On Mon, Apr 23, 2018 at 4:03 PM, Lehuede sebastien <lehuede.s@gmail.com> wrote:
Hi Guys,

I'm actually trying to understand the purpose of Table and in particular KafkaJsonTableSource. I try to see if for my use case ths can be usefull. 

Here is my context :

I send logs on logstash, i add some information (Type, Tags), Logstash send logs to Kafka in JSON format and finally i use Flink-Connector-Kafka to read from Kafka and parse the logs.

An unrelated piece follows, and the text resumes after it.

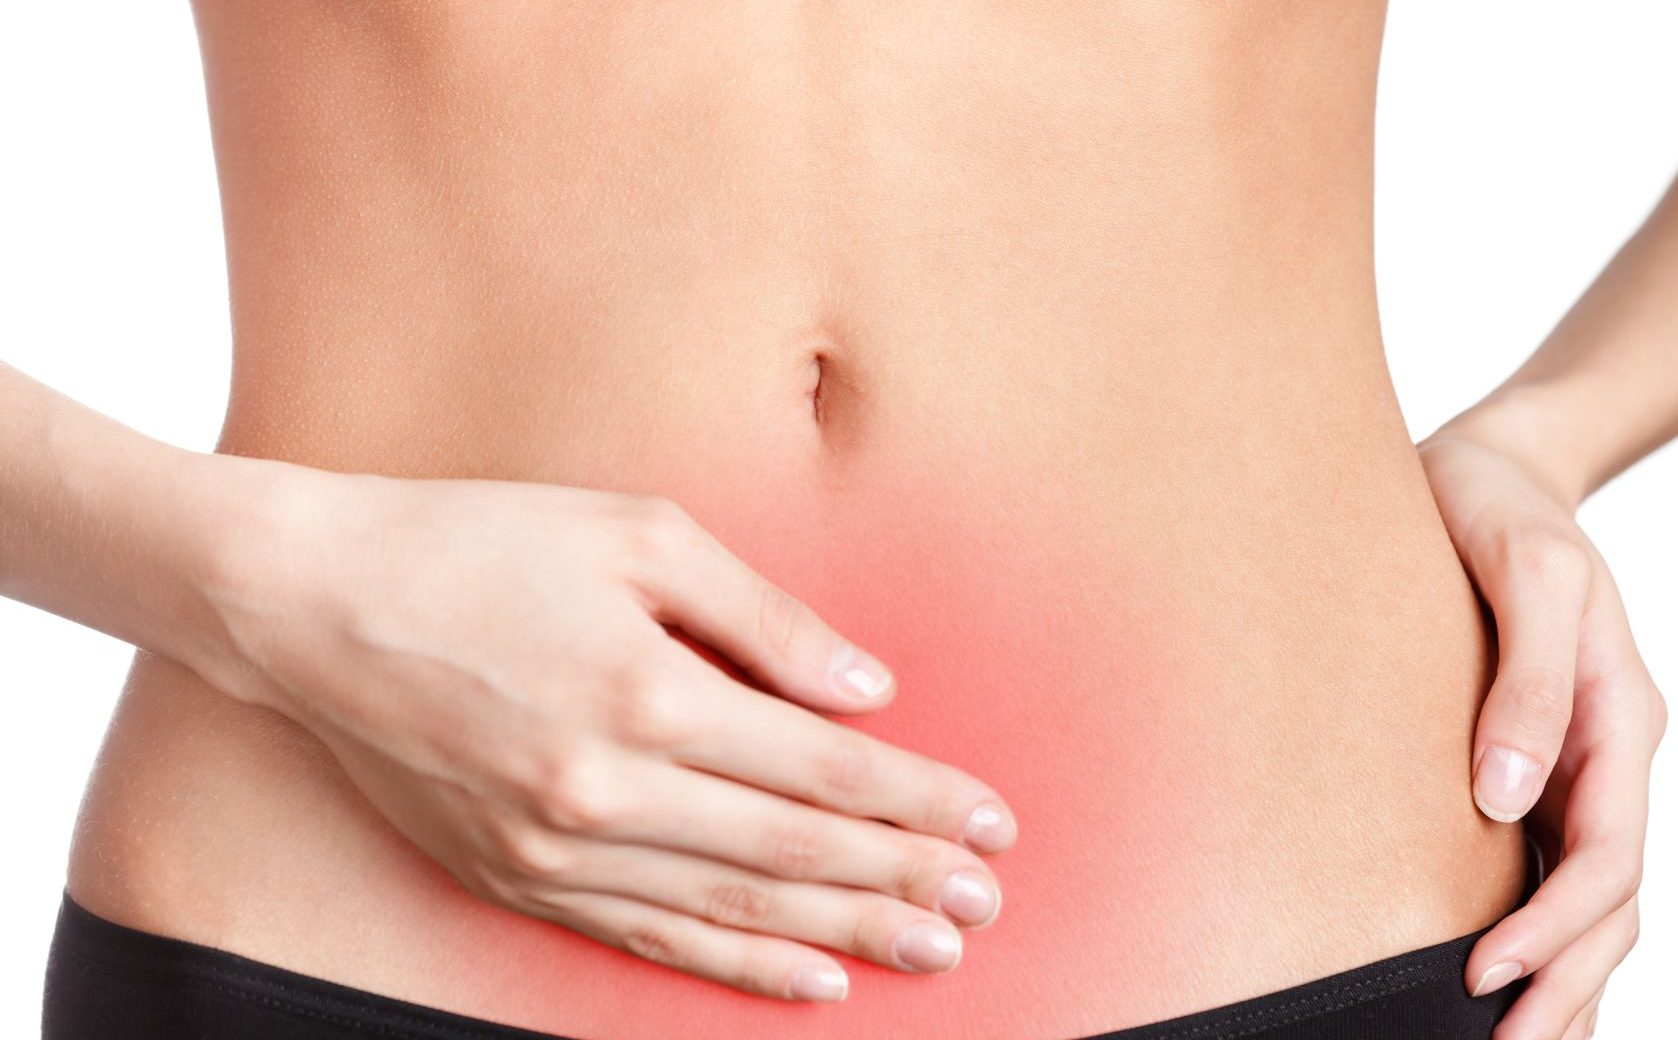 8 UTI Symptoms in Women - How to Treat Urinary Tract Infection

Before any processing events from Kafka to Flink look like this :

{"message":"accept service_id: domain-udp; src: 1.1.1.1; dst: 2.2.2.2; proto: udp; product: VPN-1 & FireWall-1; service: 53; s_port: 32769","@timestamp":"2018-04-20T14:47:35.285Z","host":"FW"}

Then i use "JSONDeserializationSchema" to deserialize events :

FlinkKafkaConsumer011<ObjectNode> kafkaConsumer = new FlinkKafkaConsumer011<>("Firewall",new JSONDeserializationSchema(),properties);

I take the value of the key "message" :

public String map(ObjectNode value) throws Exception {
                                String message = value.get("message").asText();

Then parse it with Java Regex and put each match group in a String/Int/... :

action : accept
service_id : doamin-udp
src_ip : 1.1.1.1
dst_ip : 2.2.2.2
.....

Now i want to replace "message" key by "rawMessage" and put each match group in JSON object to obain the final result :

{"rawMessage":"accept service_id: domain-udp; src: 1.1.1.1; dst: 2.2.2.2; proto: udp; product: VPN-1 & FireWall-1; service: 53; s_port: 32769",
"@timestamp":"2018-04-20T14:47:35.285Z",
"host":"FW",
"type":"firewall",
"tags":["Checkpoint"],
"action":"accept",
"service_id":"domain-udp",
"src_ip":"1.1.1.1",
"dst_ip":"2.2.2.2",
...}

I'm a newbie with Streaming Application technologies, with Flink, and for the moment i still discover how it works and what are the different fonctionnalities. But when i was looking for a solution to obtain my final result, i came across KafkaJsonTableSource. 

Does anyone think this can be a good solution for my use case ? 

I think i will be able to store JSON from Kafka, process data then modify the table and send data to another Kafka, is it correct ? 

Regards,
Sebastien